In fact, CD4+ cells play a central role in HIV/AIDS evolution since CD4+ count depletion has been linked to cellular immunity impairment and susceptibility to opportunistic infections [47]. Severe lymphopenia, unresponsiveness to in vivo and in vitro tests, and marked decrease of CD4+ cells were reported in HIV infected patients in association with opportunistic infection [47]. This immunodeficiency is attributed to the impairment of CD4+-mediated viral killing [48], and is reversed by antiretroviral protease inhibitor [49].

On the other hand, stimulation of CD4+ by T. cruzi antigens induces macrophage activation, interferon γ secretion and increases its ability to kill the parasites [50,51]. In addition, the role of CD4+ cells (Th1 response) in protecting against increased T. cruzi parasitemia has been demonstrated by higher parasitemia in CD4+ depleted mice [52,53].

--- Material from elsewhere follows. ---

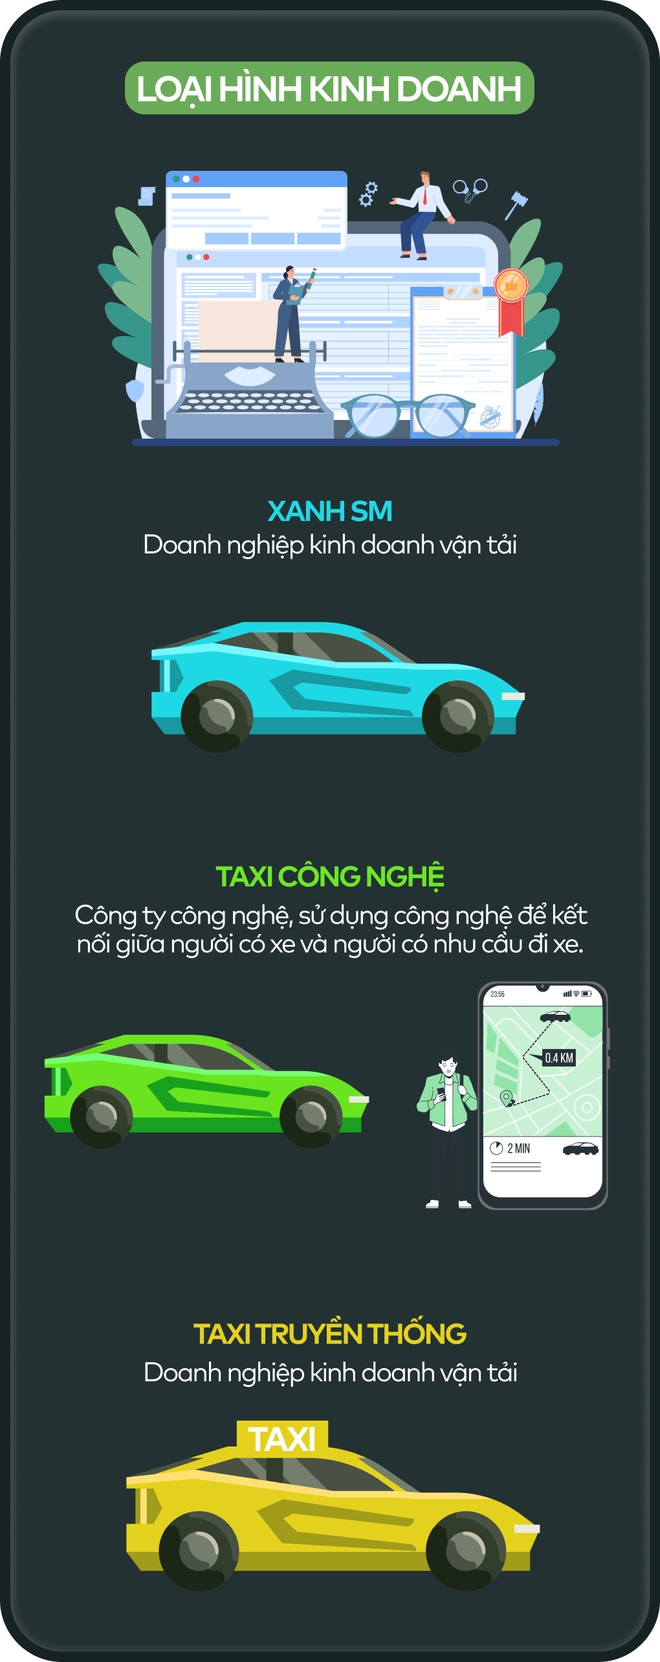 Infographic: So sánh taxi Xanh SM, taxi công nghệ và taxi truyền thống - Ảnh 2.

T cells have also been considered as unresponsive to secrete IFNγ and IL2 cytokines under T. cruzi antigens stimulation in a murine model of infection with parasite and leukemia virus, associated with CDR and higher parasitemia [54]. In parallel, a Th2 response was also reported in association with parasitemia in T. cruzi/HIV infected patients [31].

Although antiparasitic treatment did not cause mortality differences between treated and non-treated CDR patients, this lack of efficacy can be related to the lack of opportunity to timely receive it. Thus, patients diagnosed too late and presenting severe central nervous system or myocardium involvement do not have opportunity to have the protective effect of antiparasitic treatment.

The present study showed, for the first time, a more comprehensive data about outcome in 49 treated patients with CDR. In fact, a proportion of 72.2% of the total deaths due to CDR occurred by the 30th day after reactivation diagnosis, without the possibility to complete the recommended 60 days of antiparasitic treatment. Among 11 survivor cases, six had meningoencephalitis and five a milder form of reactivation (“others”). In contrast, 11 patients did not receive antiparasitic treatment, the majority with meningoencephalitis. Due to the retrospective nature, the reasons for this absence of treatment were not known and can be attributed to losses of follow-up, lack of drugs accessibility or impossibility of oral drug intake. In all patients who died of meningoencephalitis without antiparasitic treatment, death occurred within 36 hours after the reactivation diagnosis, so early antiparasitic treatment is mandatory in all cases.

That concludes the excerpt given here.